For the same reason, you don't want "-hide-all-packages."  You want 
"-hide-local-variance" from the consensus mapping of module names to 

>> What we want is a common system for mapping module names to
>> module implementations.
>> * a protocol for resolving module-names to implementations at
>>   various haskell module name servers (hackage?)
> Go ahead, invent a protocol!

I offered two strawman versions of this protocol in my last mail in 
the "stop untracked dependencies" thread:

   Strawman protocol 1: Define a new DNS record, URL, and define some
   translation of module names into domain names.

   Strawman protocol 2: Use HTTP/HTTPS and define a query syntax such
   as "GET ResolverURL/moduleName HTTP/1.0" and use 30x headers for
   redirection to the appropriate server.

I like the later because we can then reuse WebDAV versioning 
semantics, but think that there is little point in fleshing it out 
further unless we agree on the need.

>> And we need to constraint the versioning system to require that
>> every new version of a module must fulfill the contracts of the
>> prior versions so no existing dependency is broken by any changes.
> That's way too restrictive.  We'd never be able to remove anything.

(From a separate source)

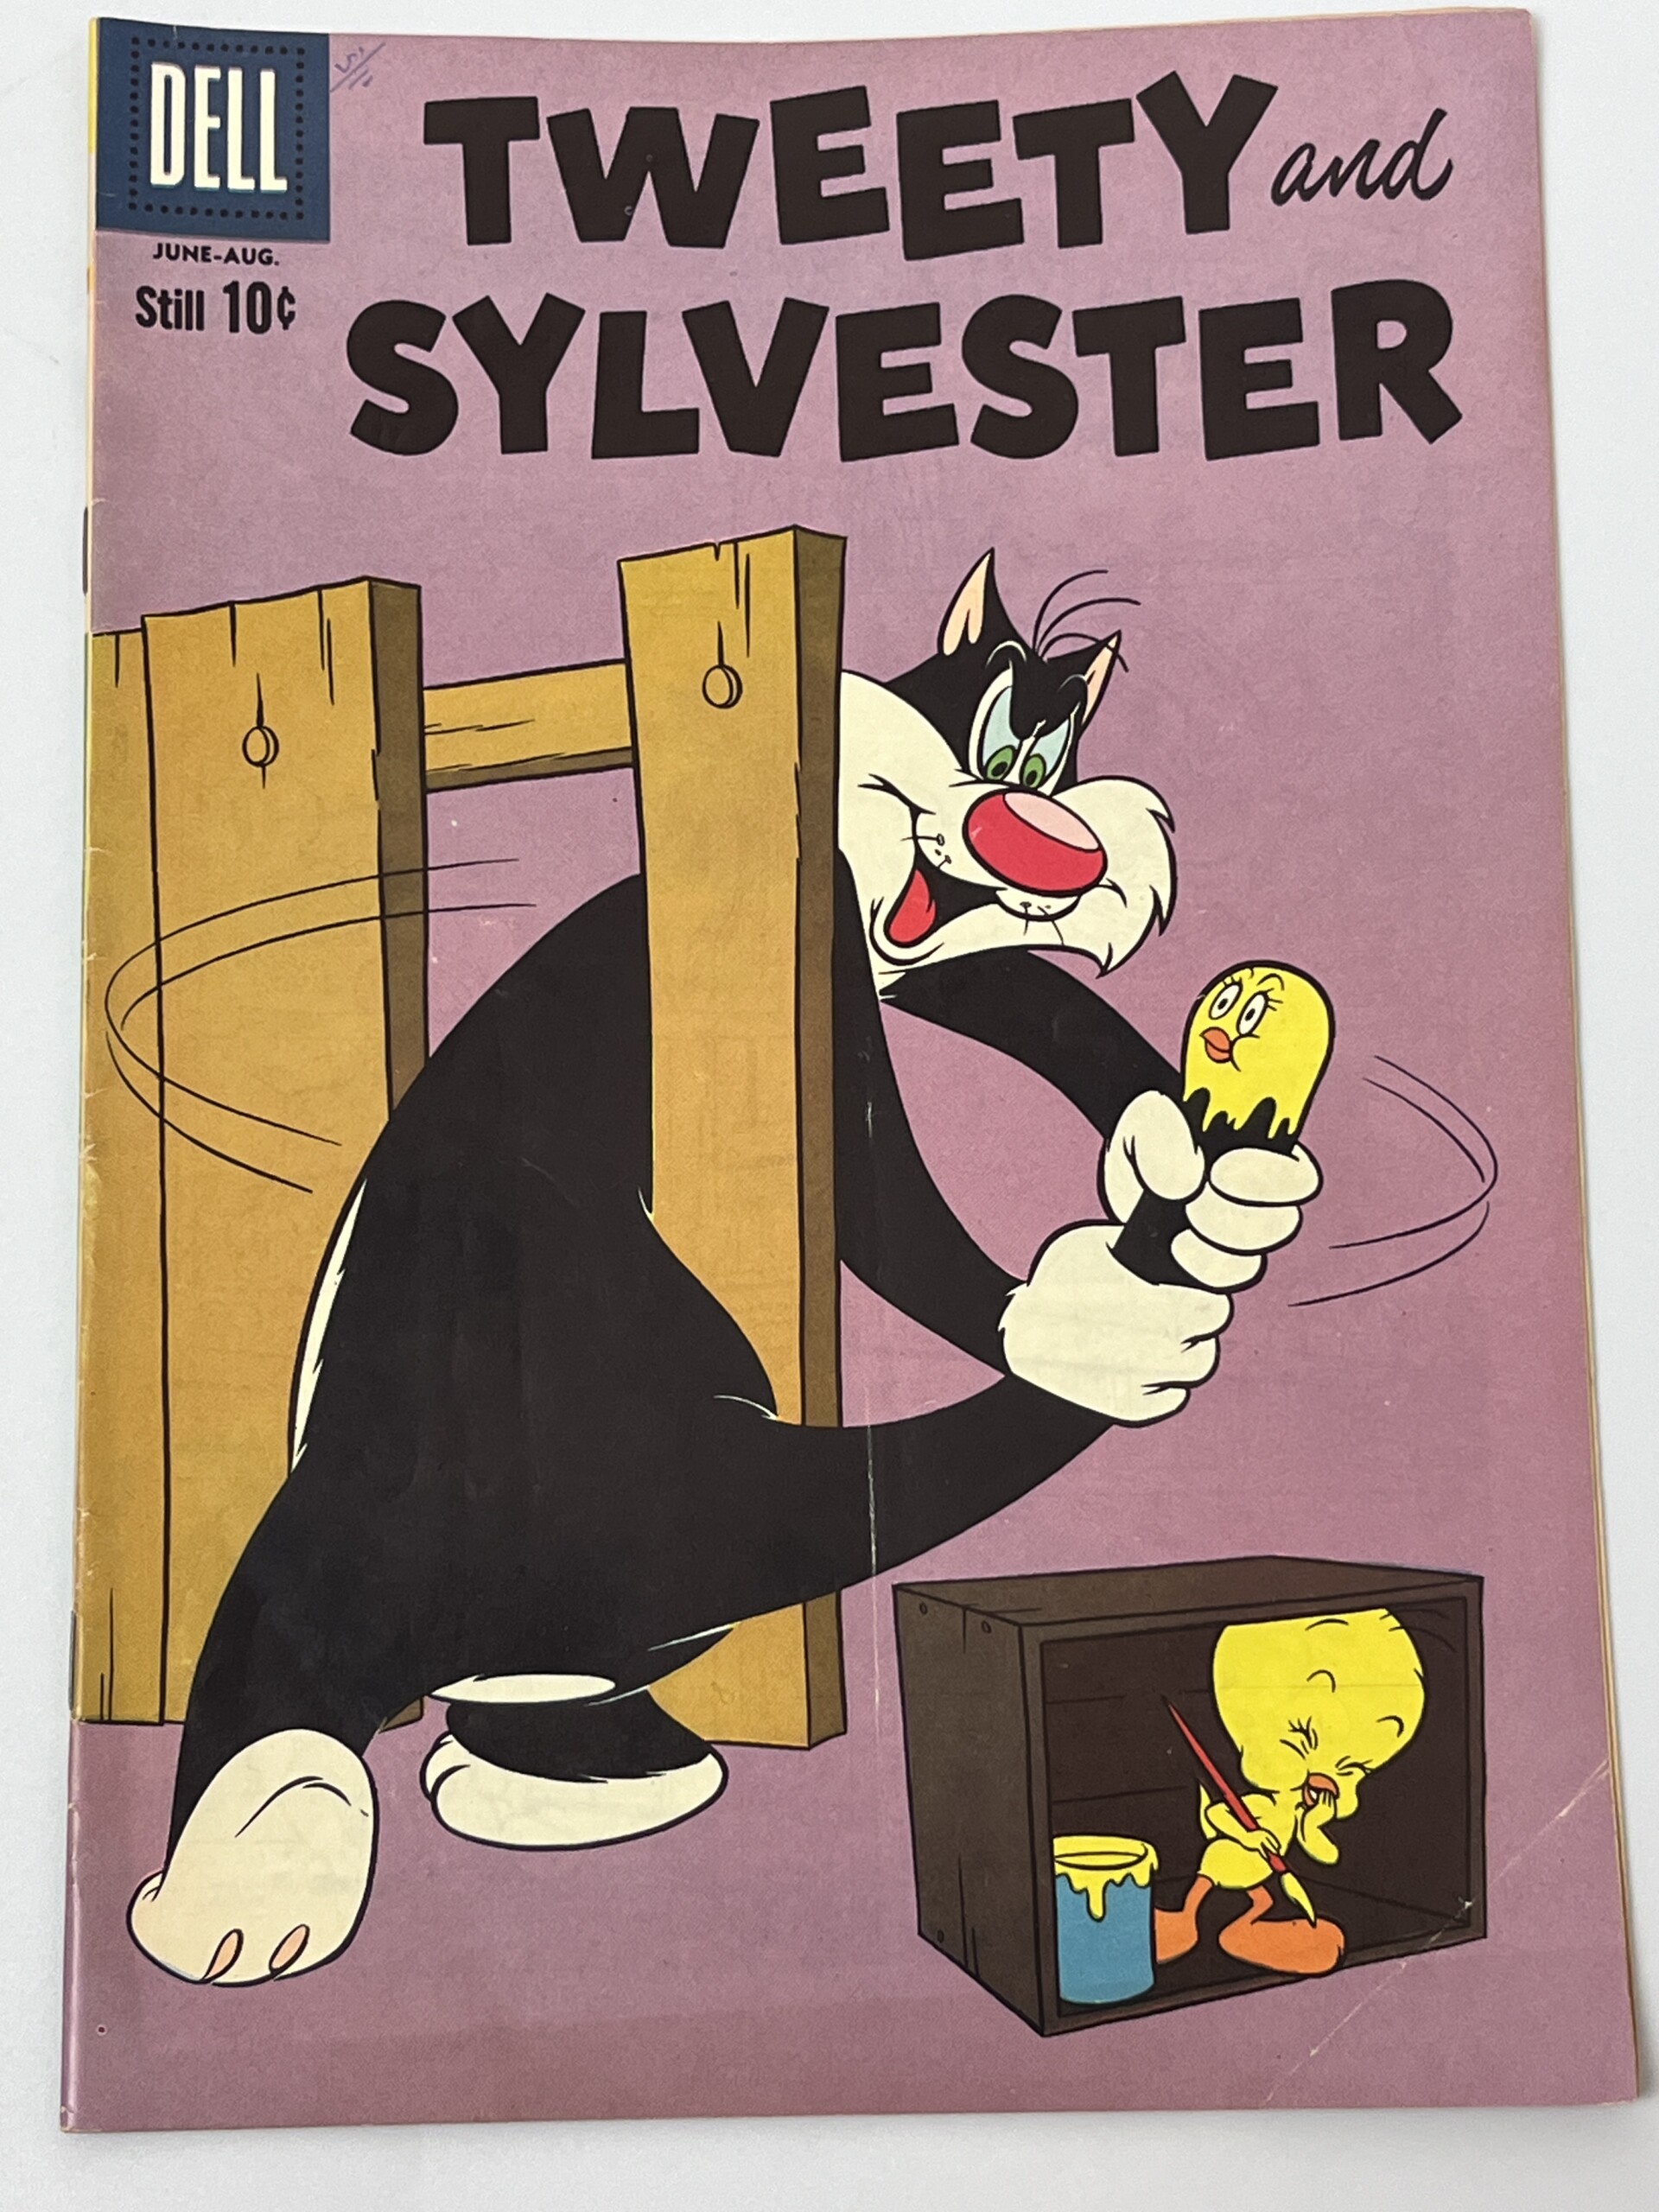 Tweety & Sylvester #29 (1960) in 5.0 Very Good/Fine

Its not too restrictive.  It is correct.  You said that module names 
are intended to describe functionality.  If you want to change the 
contract, you need either to define a new module name or accept that 
programs that depend on a sufficiently old version of the current 
module will simply break.  What does 'deprecated' mean?

> When we start using shared libraries, even binaries will break if you
> upgrade shared libraries in place.  That's why we must have versioning,
> and the ability to have multiple versions of a package installed.

Again, I am not opposed to having multiple versions of a package 
available for programs to use.  My point is that the choice of version 
must occur at build/run time and not at package time.